PROMPT –
Write the data below out exactly as it stands. Do not include the pictures.

DATASET CONTENT –
* * *

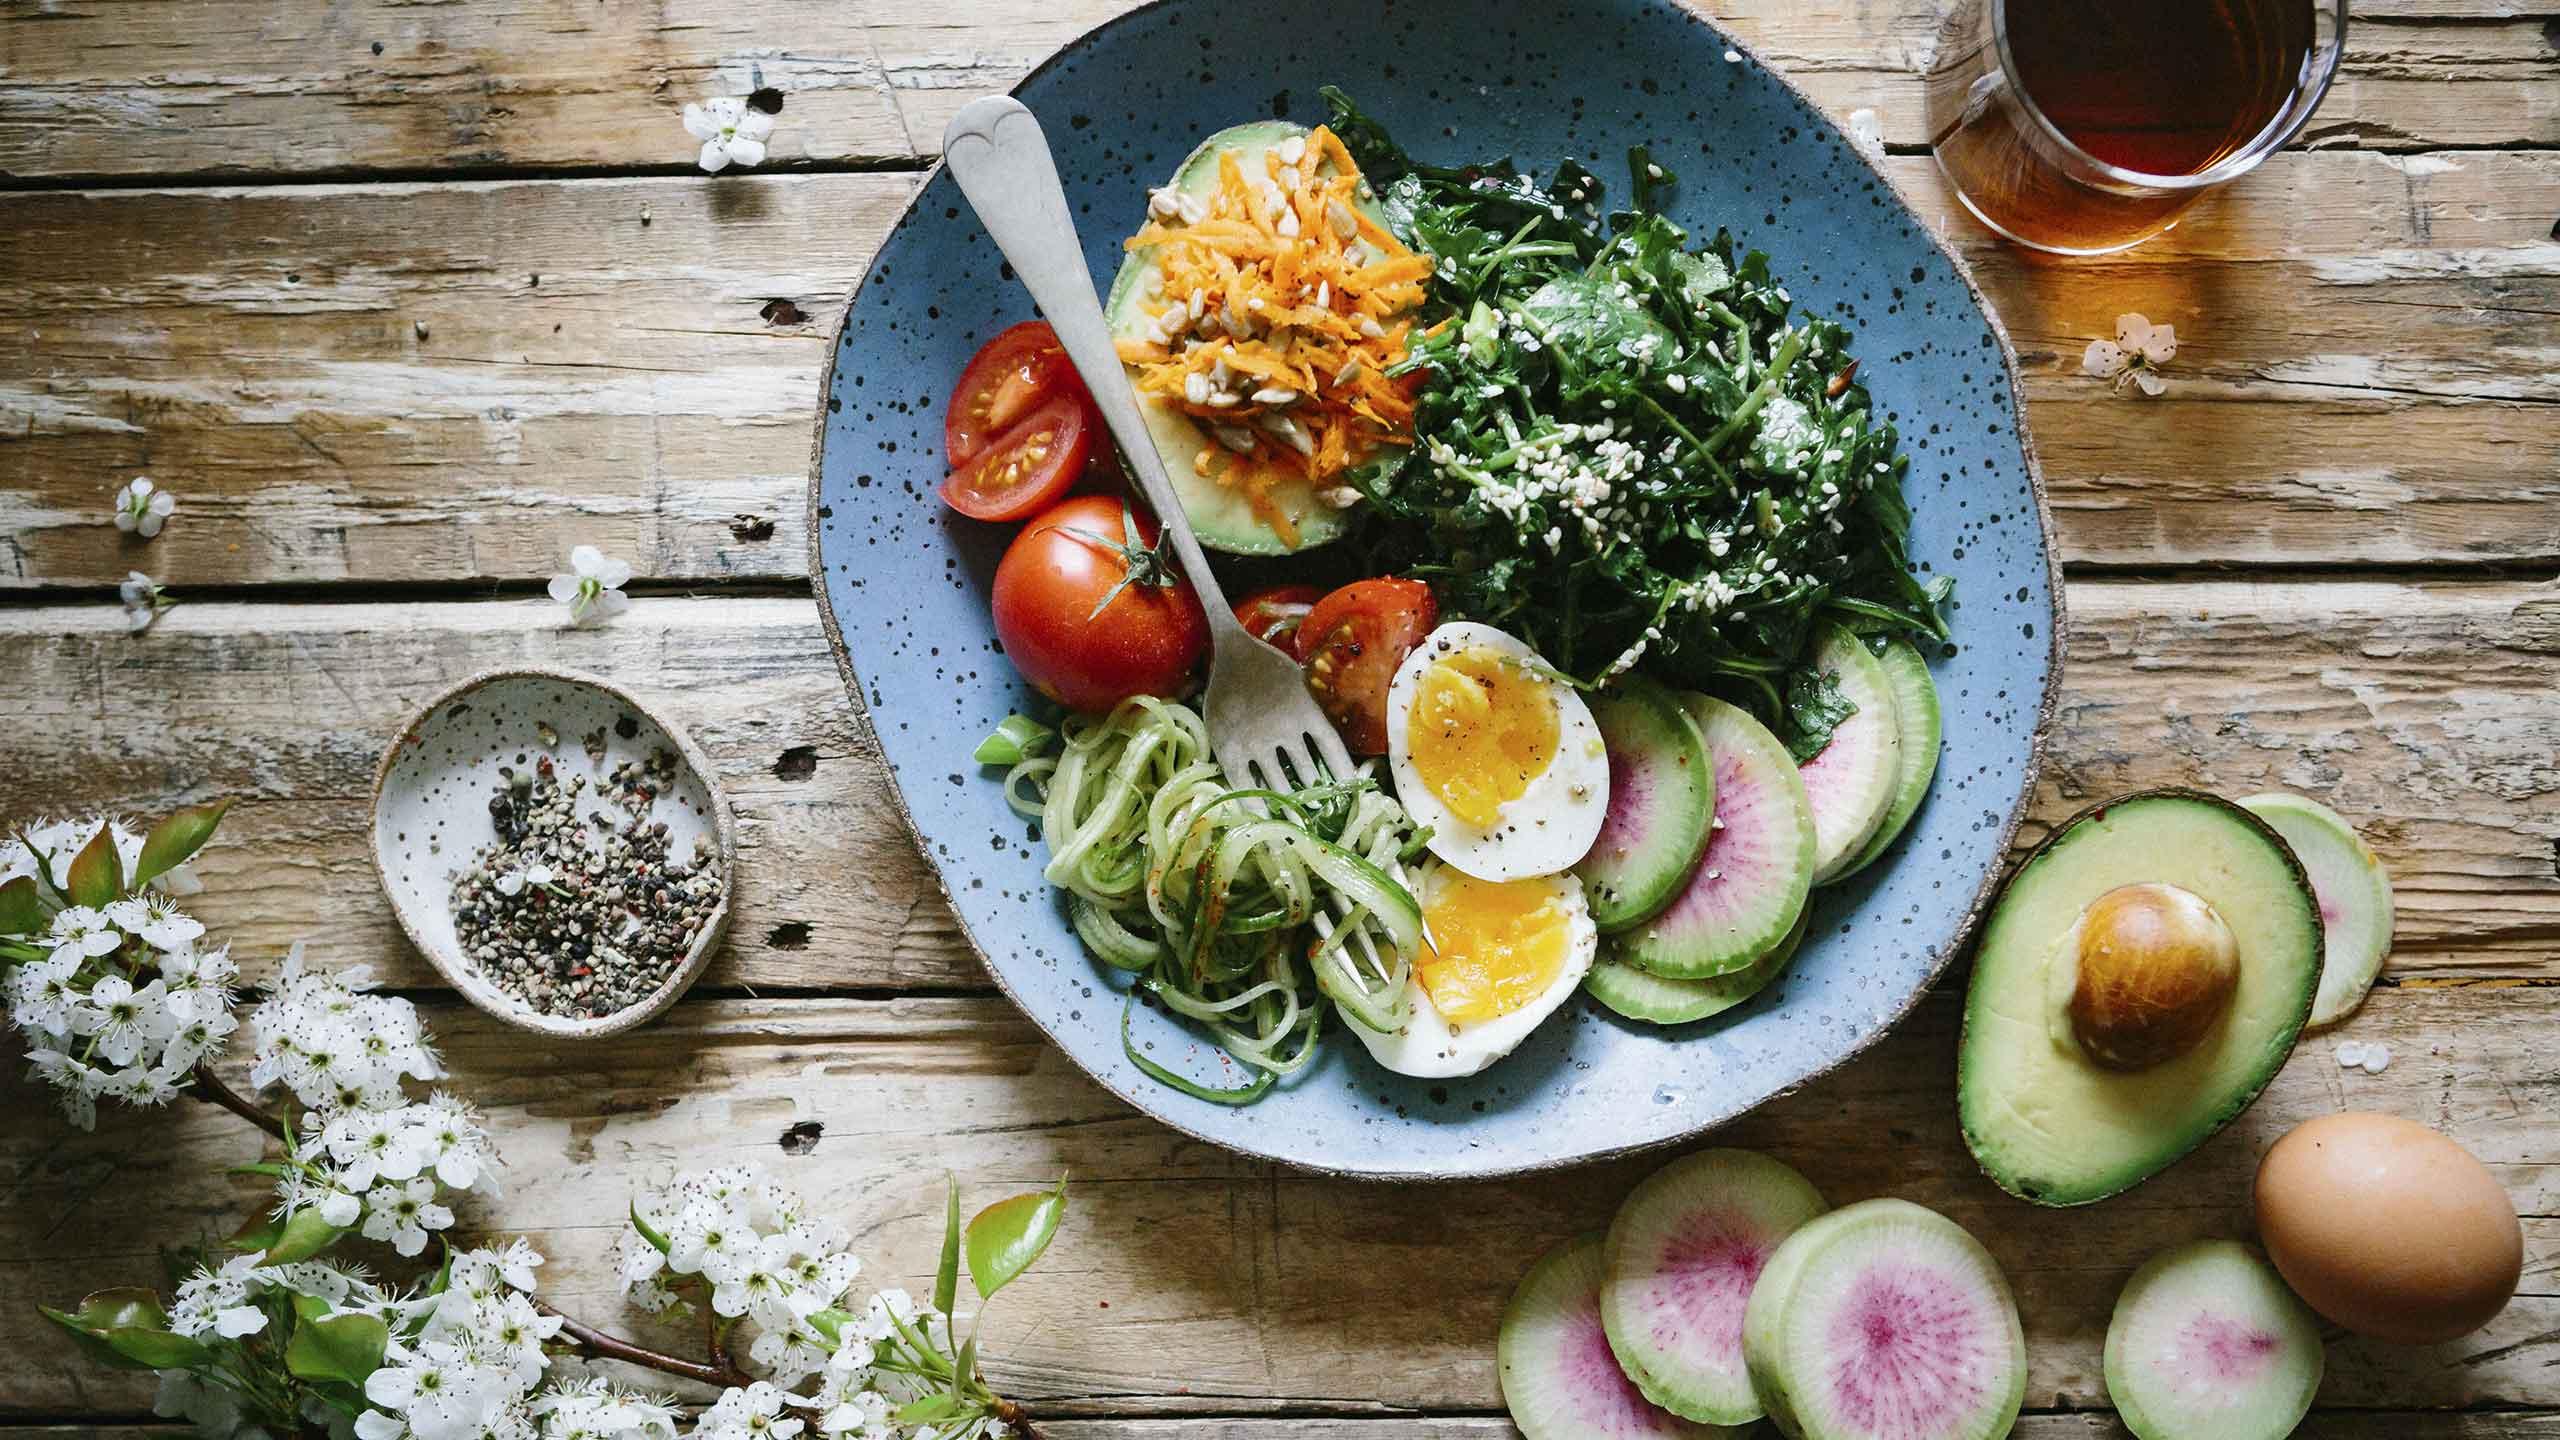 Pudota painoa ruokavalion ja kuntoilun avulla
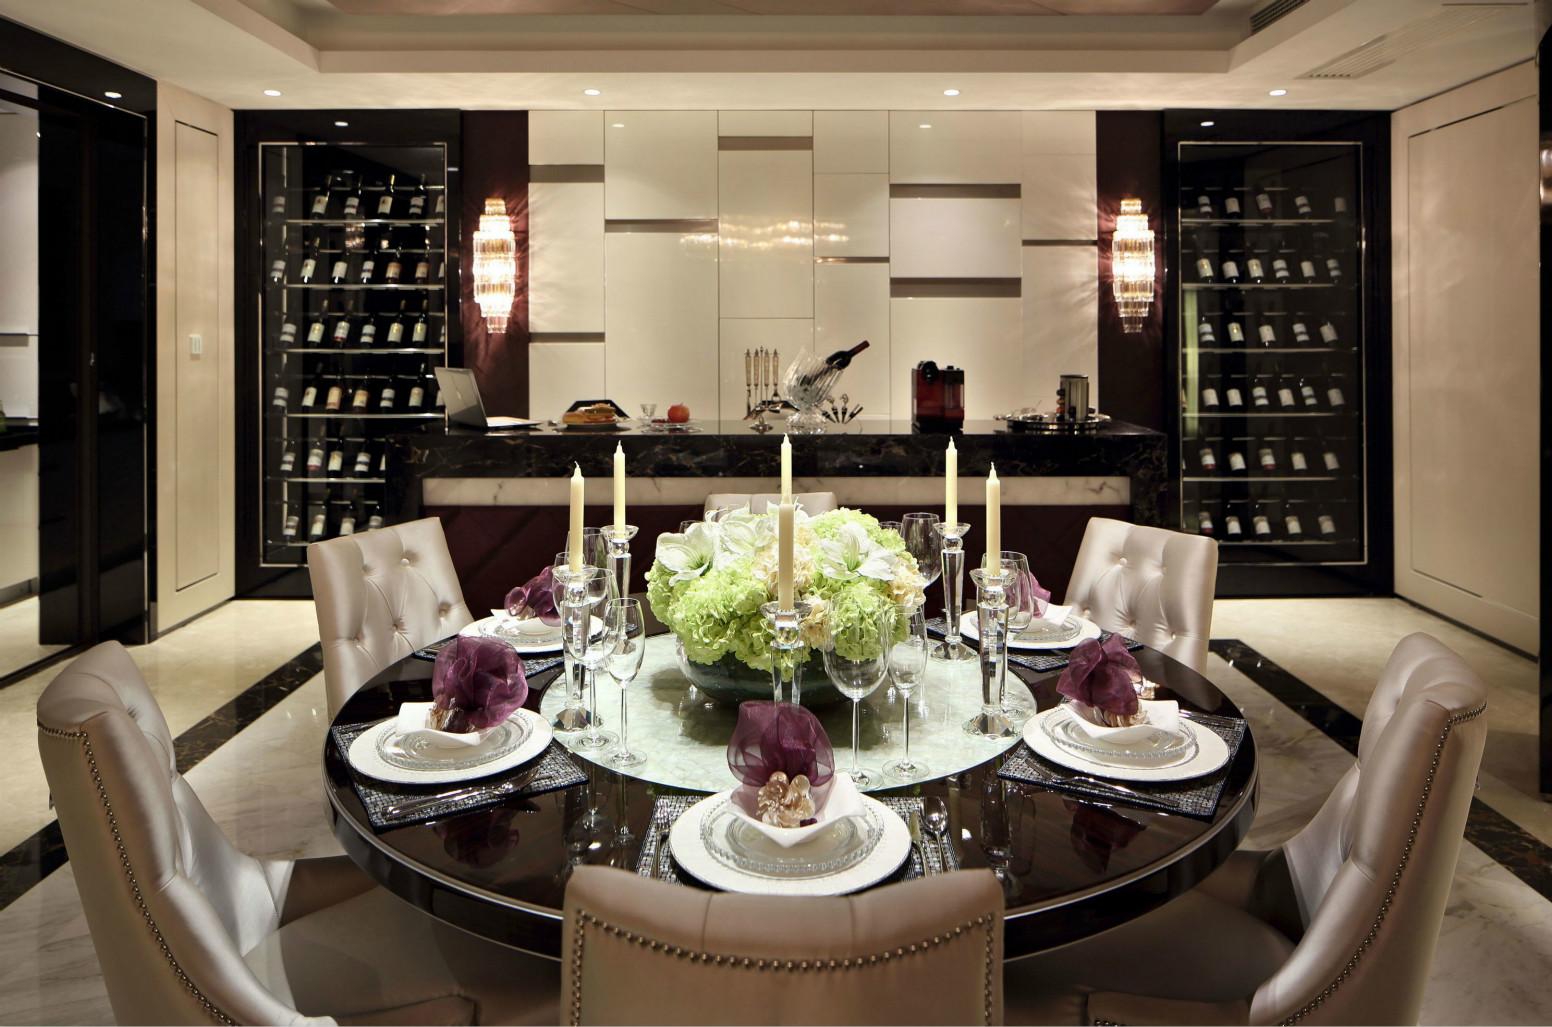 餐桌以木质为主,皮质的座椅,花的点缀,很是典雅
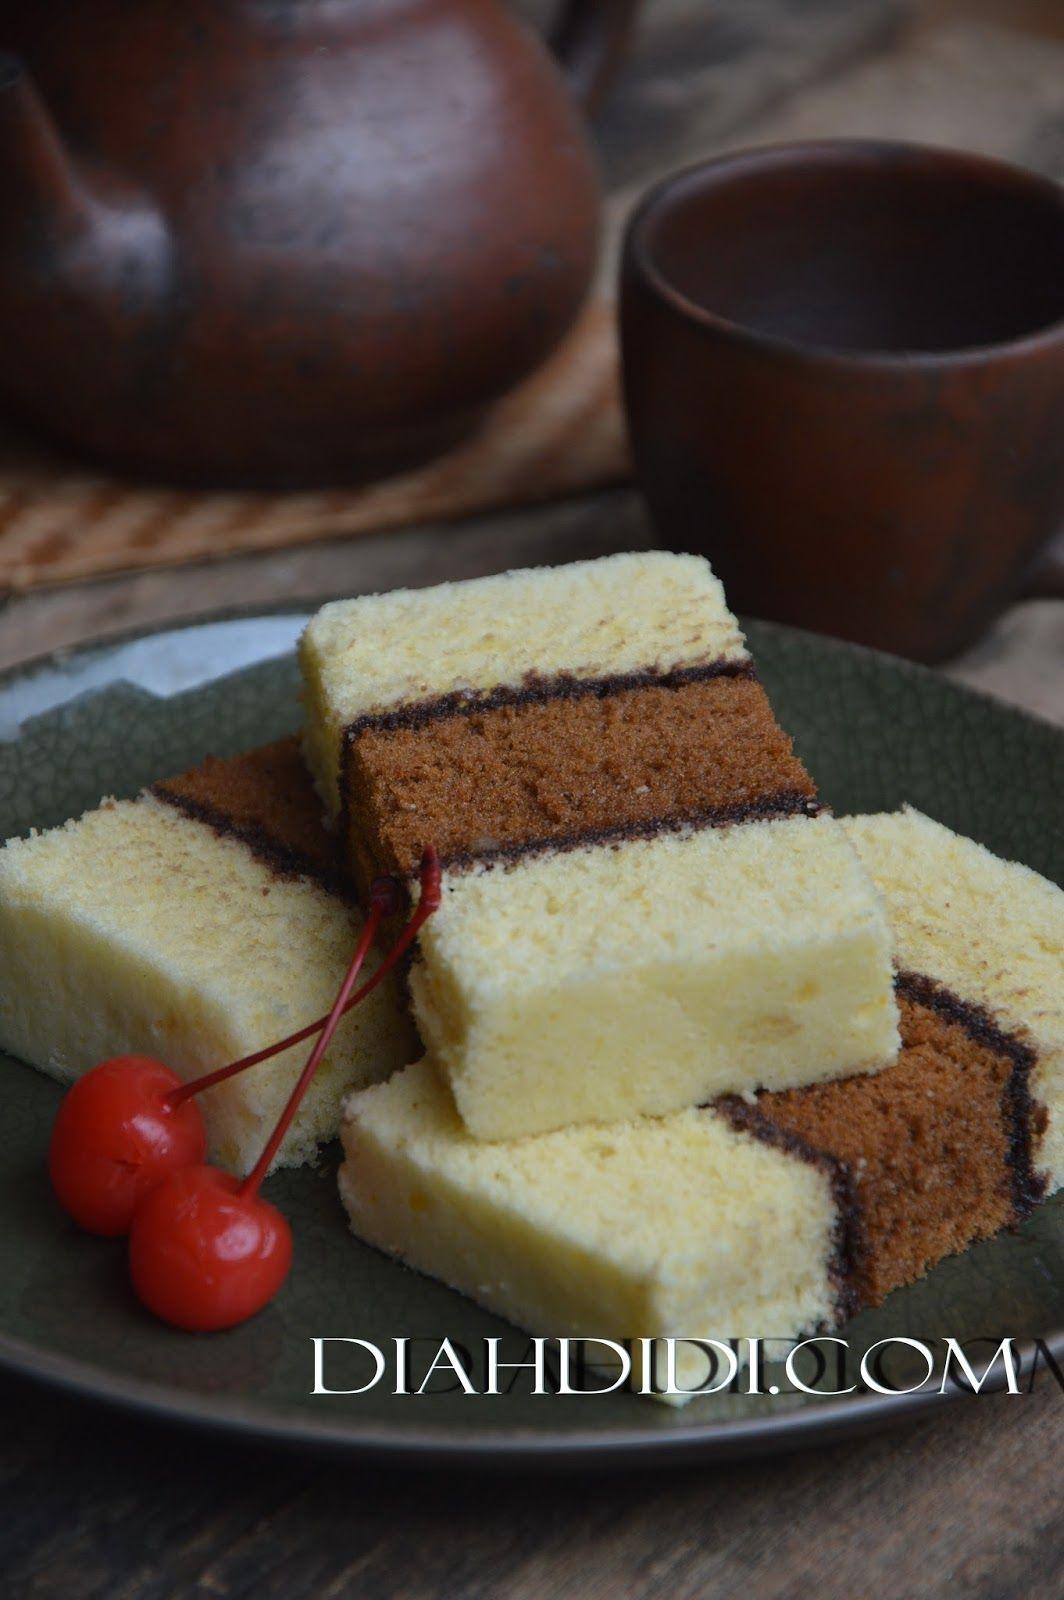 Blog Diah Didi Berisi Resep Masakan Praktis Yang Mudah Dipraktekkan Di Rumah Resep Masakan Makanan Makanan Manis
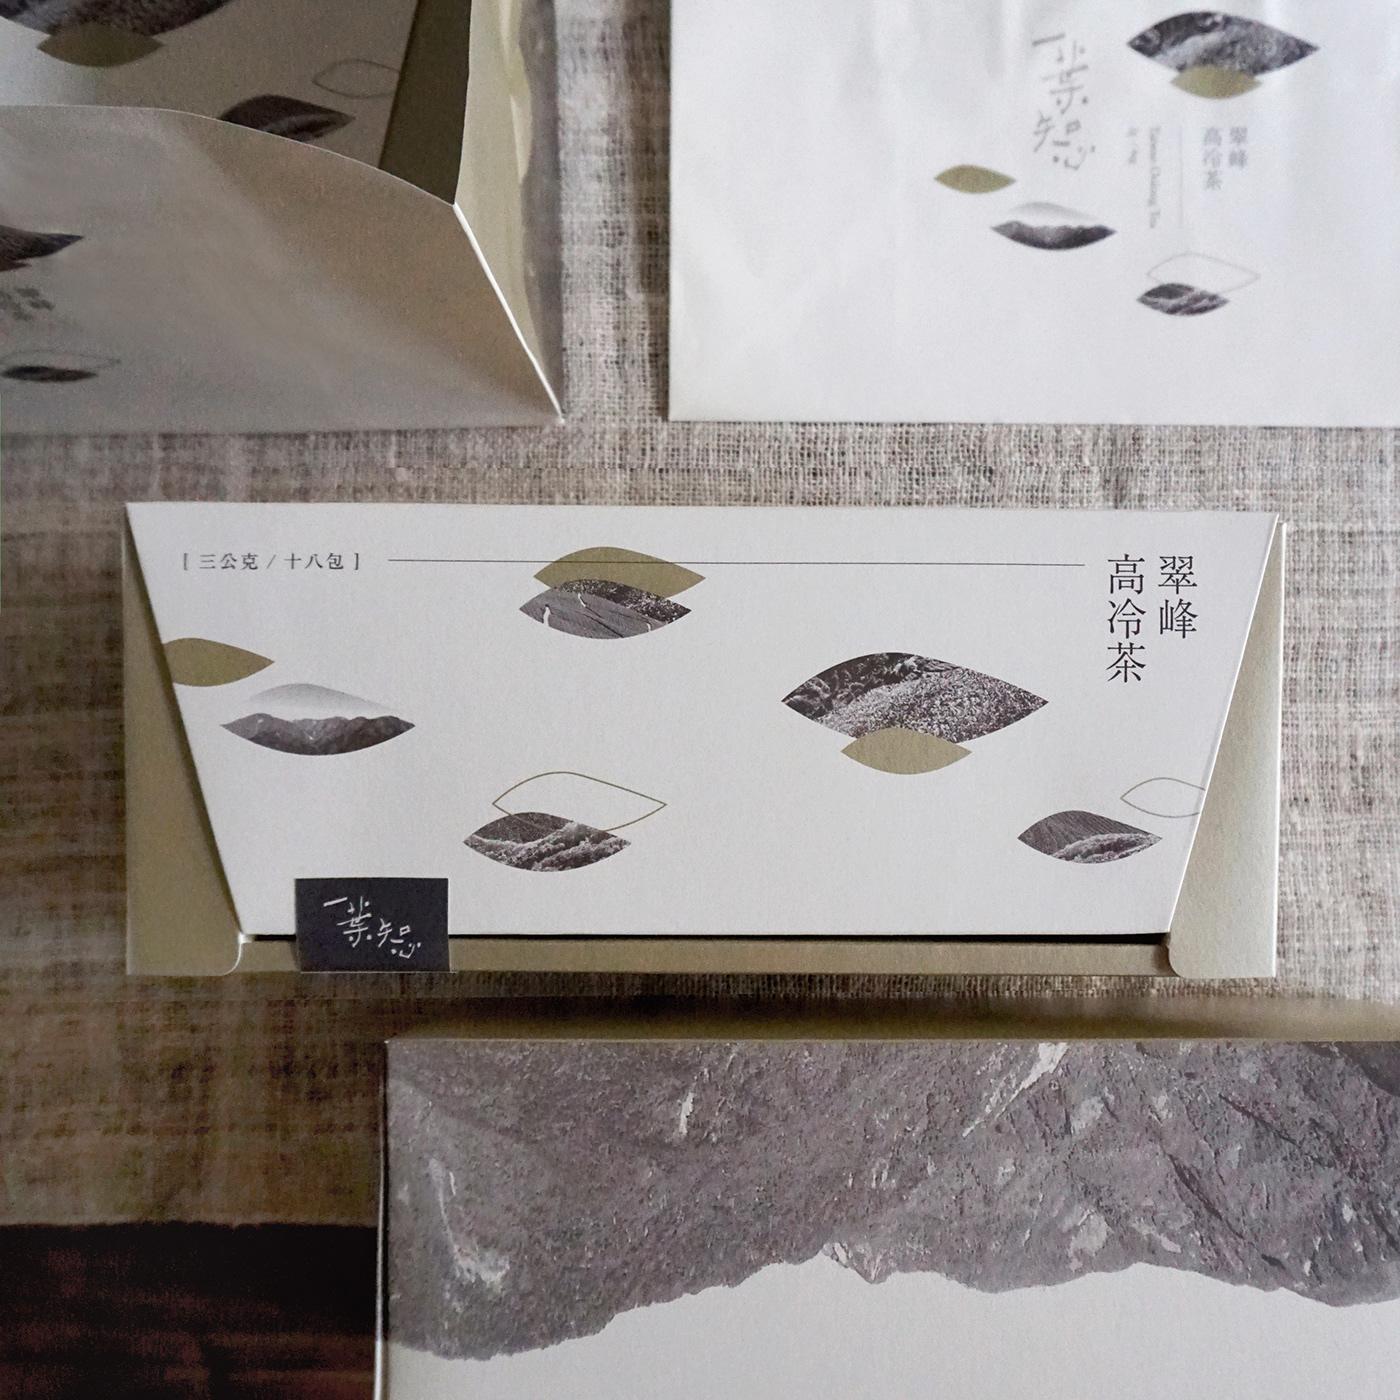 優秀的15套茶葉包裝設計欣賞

* * *

OUTPUT OF THE TASK –
 Pudota painoa ruokavalion ja kuntoilun avulla
 餐桌以木质为主,皮质的座椅,花的点缀,很是典雅
 Blog Diah Didi Berisi Resep Masakan Praktis Yang Mudah Dipraktekkan Di Rumah Resep Masakan Makanan Makanan Manis
 優秀的15套茶葉包裝設計欣賞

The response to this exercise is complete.